Late with filing a tax return with the IRS? Didn’t correctly figure and pay what you owe? Did something you weren’t supposed to do? Don’t worry. While the tax law has multiple penalties in place to discourage and punish mistakes, there are many ways in which you can get them lifted. In tax parlance, this is called penalty abatement. Generally, penalty relief falls into 4 categories: reasonable cause, penalty exceptions created in the Tax Code, administrative waivers from the IRS, and correction of IRS errors.
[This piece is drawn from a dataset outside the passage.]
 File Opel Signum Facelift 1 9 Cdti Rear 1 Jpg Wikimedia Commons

The following is excerpted from my book J.K. Lasser’s Small Business Taxes 2022, which will be released in December 2021.
Reasonable Cause
Reasonable cause is based on the facts and circumstances in each situation and allows the IRS to provide relief from a penalty that would otherwise be assessed. Reasonable cause relief is generally granted if you exercised ordinary business care and prudence in determining your tax obligations but nevertheless failed to comply with those obligations. Ordinary business care and prudence requires you to make reasonable effort to determine your tax obligations. In assessing whether you exercised reasonable care, the IRS looks at the reason given, your past compliance history, the time between the event that triggered the noncompliance and subsequent compliance, and whether there were circumstances beyond your control (e.g., serious illness, fire, or storm). Ignorance of the law is no excuse.
For small partnerships and S corporations (those with 10 or fewer owners), reasonable cause is met automatically if all owners are natural persons (and not nonresident aliens), all owners receive equal allocations of each entity item, and all owners have reported these items on their personal returns.
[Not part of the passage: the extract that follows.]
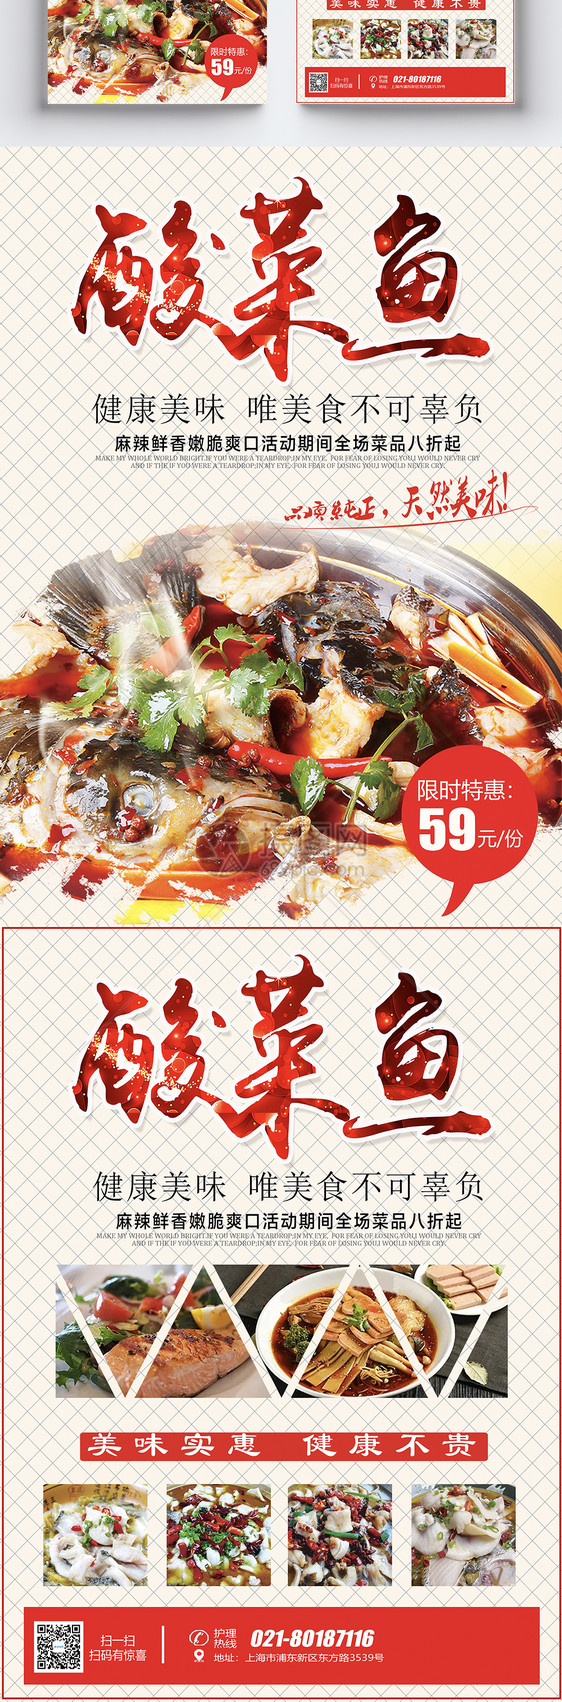 酸菜鱼美食宣传单图片

Whether your reliance on erroneous advice from a CPA or other tax professional constitutes reasonable cause depends on the penalty.
Waivers in the Tax Code
The law may provide you with an out. Examples:
- Using postponements of deadlines by reason of a federally declared natural disaster or for other reasons.
- Relying on the written advice of the IRS, which turns out to be incorrect.
- Using specific penalty relief for employment taxes when workers you’ve been treating as independent contractors are reclassified as employees. Section 530 of the Revenue Act of 1978 created this relief.
Administrative Waivers
The IRS has a number of programs that taxpayers can use to avoid penalties.
Examples are:
- Employee Plans Compliance Resolution Program (EPCRS) can be utilized to self-correct errors in qualified retirement plans.
- The penalty relief program for Form 5500-EZ can be used to obtain penalty relief for an overdue return.
- Underpayments of employment taxes can be self-corrected without interest (although penalties may apply). The amount of the underpayment must be paid by the time an adjusted return (e.g., Form 941-X, Adjusted Employer’s QUARTERLY Federal Tax Return or Claim for Return) is filed.
- Undue hardship relief for failing to pay taxes on time can be granted by filing Form 1127, Application of Extension of Time for Payment of Tax Due to Undue Hardship.
- Voluntary Classification Settlement Program (VCSP) may be used for reclassifying independent contractors as employees.
The Small Business/Self-Employed Division of the IRS is working on a new program to enable taxpayers to self-correct errors on their tax returns, which will help to minimize or possibly avoid penalties. The program is not yet up and running but will be covered when details become available.
First-Time Abatement Program
You may be able to escape a penalty under the IRS’s first-time abatement (FTA) penalty waiver program. To qualify, you must have done things right in the past 3 years and be otherwise in compliance with all filings and payment requirements.
Final thought
With the ever-growing complexity of tax rules for small business owners, incurring a penalty, at least once, is almost inevitable. Just remember, as famous football player and coach Paul Bear Bryant said: “When you make a mistake, there are only three things you should ever do about it: admit it, learn from it, and don’t repeat it.” Good luck.